Shortcuts on Headlines
In the offline copywriting, direct-mail world, an enormous amount of effort goes into developing headlines. It would be perfectly normal to expect to write anywhere from 50 to 100 headlines for a sales letter before choosing the "winner."
Online copywriters seldom follow this rule. They just don't consider the headline as important enough to merit that kind of effort, or they think they'll be able to tune the headline through split-testing so they don't put in the up-front work. Frequently they'll just write a few headlines, or even just one, and run with it.
Do NOT make this mistake. Your headline is the single most important part of your sales page -- do what the great offline copywriters do, and write those 50-100 headlines.

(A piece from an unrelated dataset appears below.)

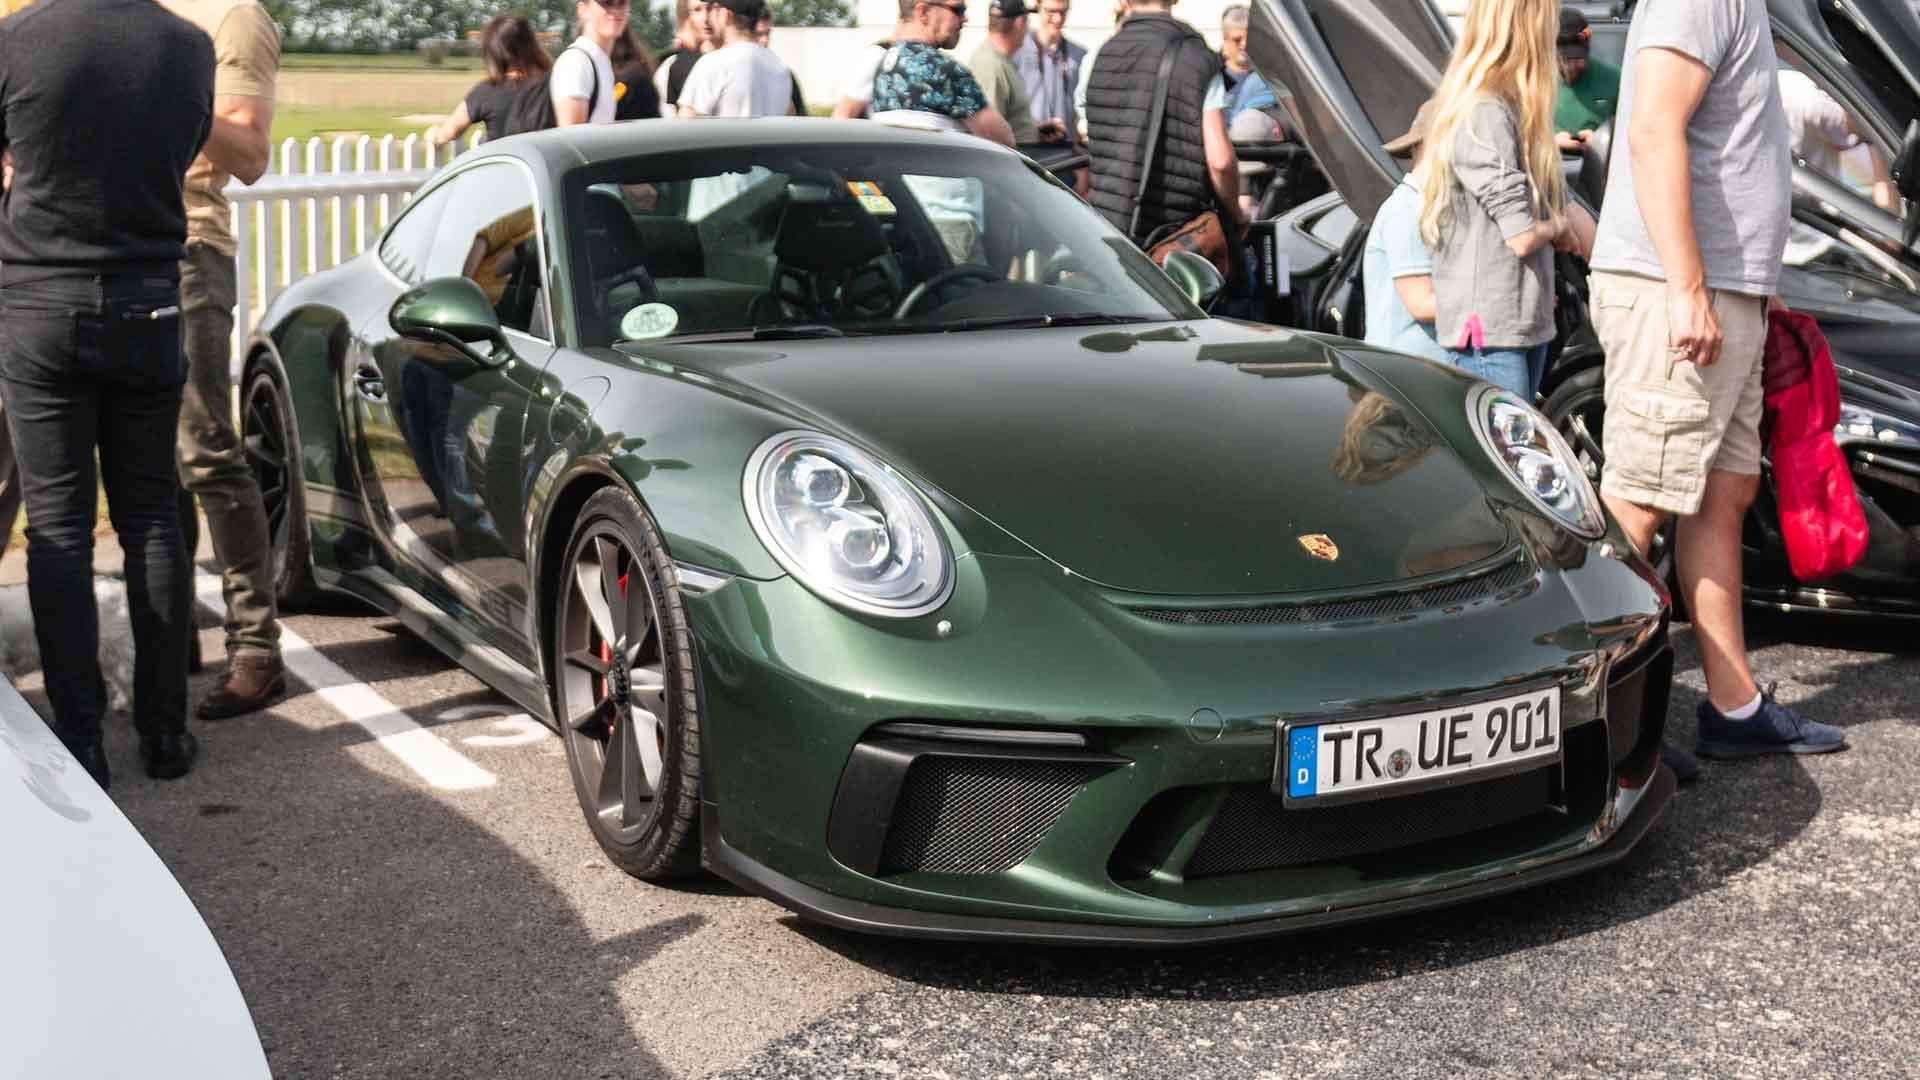 Porsche 911 GT3 Touring at Goodwood Supercar Sunday

Honestly, you might get lucky and hit on the great one in the first dozen, but don't count on it!
Getting Cheap on Copywriters
When it comes to great sales copy, you truly get what you pay for. Sure, you can skimp and try to do it on the cheap, but you'll almost certainly be shooting yourself in the foot. The folks that you can get to write copy for you at the Warrior Forum for a couple hundred bucks are not going to produce copy you can build your business around.
There's a reason why top copywriters can charge 10s of thousands of dollars for their services: because the copy they write can produce millions of dollars' worth of sales. How can you possibly expect to build a multimillion dollar business around the sales copy produced by someone selling their services on Digital Point or, worse yet, Fiverr?
Bold Headlines, No Proof
If you don't have the proof, lay off the big red headlines and crazy claims. All you're doing is screaming at your readers, and the only thing that's guaranteed to do is annoy them and turn them off.
Proof sells. It's just that simple. One video testimonial, bank statement, or before and after photo set is worth an infinite number of red H1 headlines. While catching the reader's attention is important, a "Make 10,000 Per Month" with no backup is just a waste of time.
Never make a promise you can't back up with real proof. If you can't do that, you need to work on your product.
Skip the SEO
You can do SEO on every page of your site but one: your sales page. NEVER, EVER try to do SEO on your sales page itself.
Just take a moment to think about it: every word of your sales page has to be carefully selected to have exactly the right emotional impact. How can you possibly do that when you're trying to hit keyword density values or worrying about having a keyword phrase in your H1 and H2 tags? The very idea is beyond stupid: but people still try to do it.
Do yourself a favor: SEO the rest of your site, but leave the sales page alone.